The way they had worked out their share in the loss, if any,
in the Schedule attached to the application was quite
consistent with the provisions made in the instrument of
partnership and the legal principles applicable in that
http://JUDIS.NIC.IN SUPREME COURT OF INDIA Page 6 of 6
behalf. Accordingly Rajakrishna who was required to
contribute 25% as share capital had to bear 40% of the loss
and the other three major partners who had individually
contributed 12.5% of the capital had to bear the loss in the
ratio of 20% each. The ITO had not considered these relevant
circumstances as he was of the view that the contract of
partnership itself was void. The Appellate Assistant
Commissioner and the Tribunal did to refer to the
application and construing the partnership deed alone held
that it was possible to ascertain how the losses of the firm
were to be distributed among the major partners.

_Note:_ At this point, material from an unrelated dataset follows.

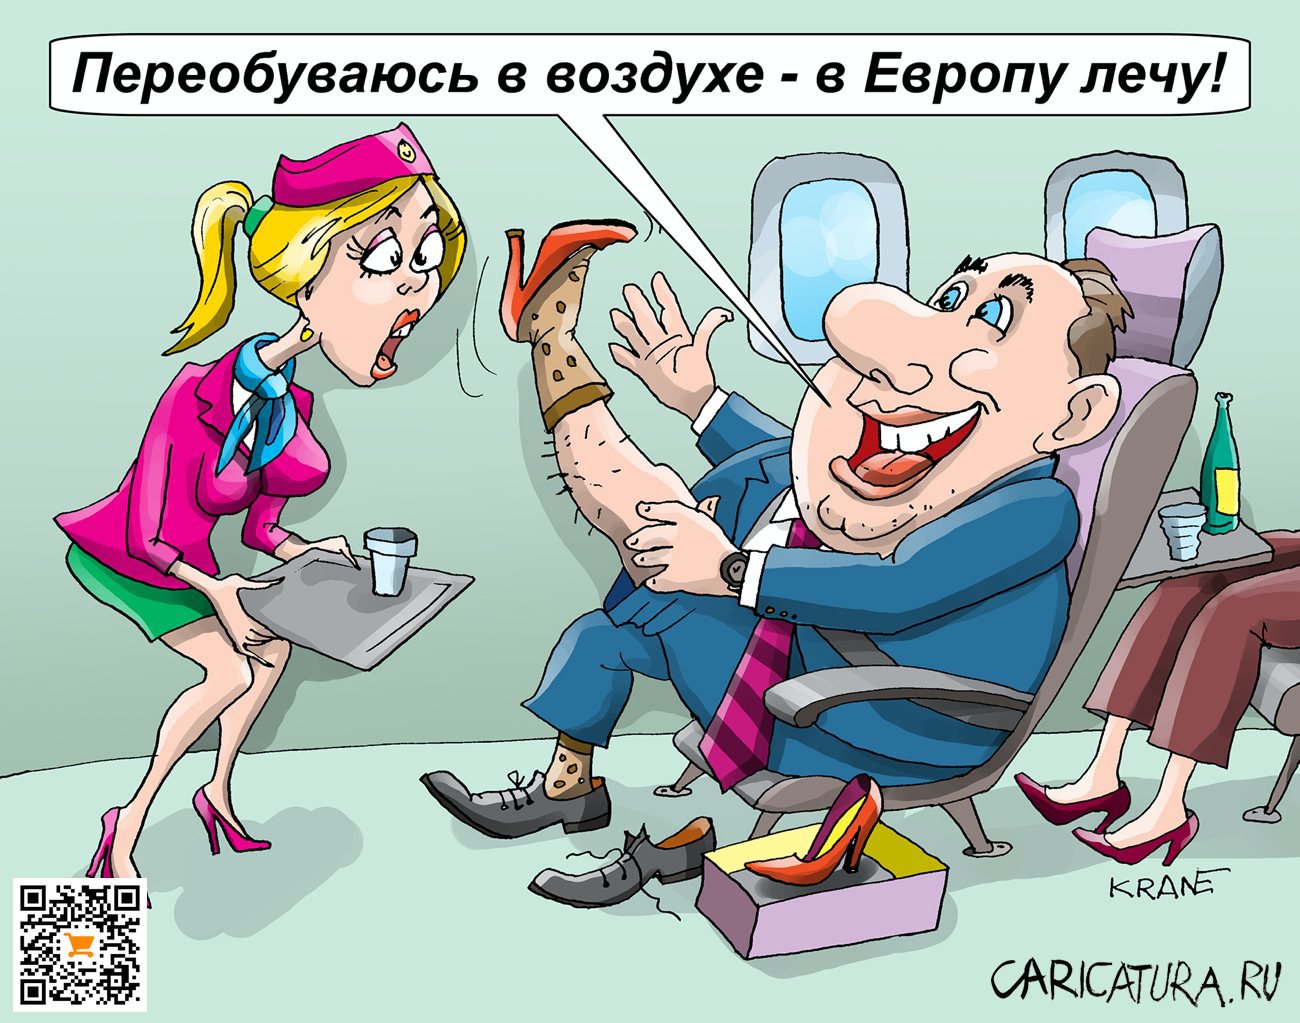 Карикатура "Окно в Европу сквозит", Евгений Кран

If the partnership deed is construed reasonably, as
indicated above, then it has to be held that it did, by
necessary implication, provide for the proportion in which
the losses of the firm were to be shared by the major
partners. The application for registration made by the
appellant fulfilled the conditions laid down by Section 184
of the Act and, therefore, the ITO ought to have granted
registration and made assessment of the appellant for the
relevant years on that basis. The High Court was wrong in
taking the contrary view. Therefore, we allow these appeals,
set aside the judgment and orders passed by the High Court
and answer the question referred to the High Court by
holding that for the assessment year 1968-69 the appellant
was entitled to registration and for the assessment years
1969-70 and 1970-71 it was entitled to renewal/continuation
of registration. In view of the facts and circumstances of
the case, the parties shall bear their own costs.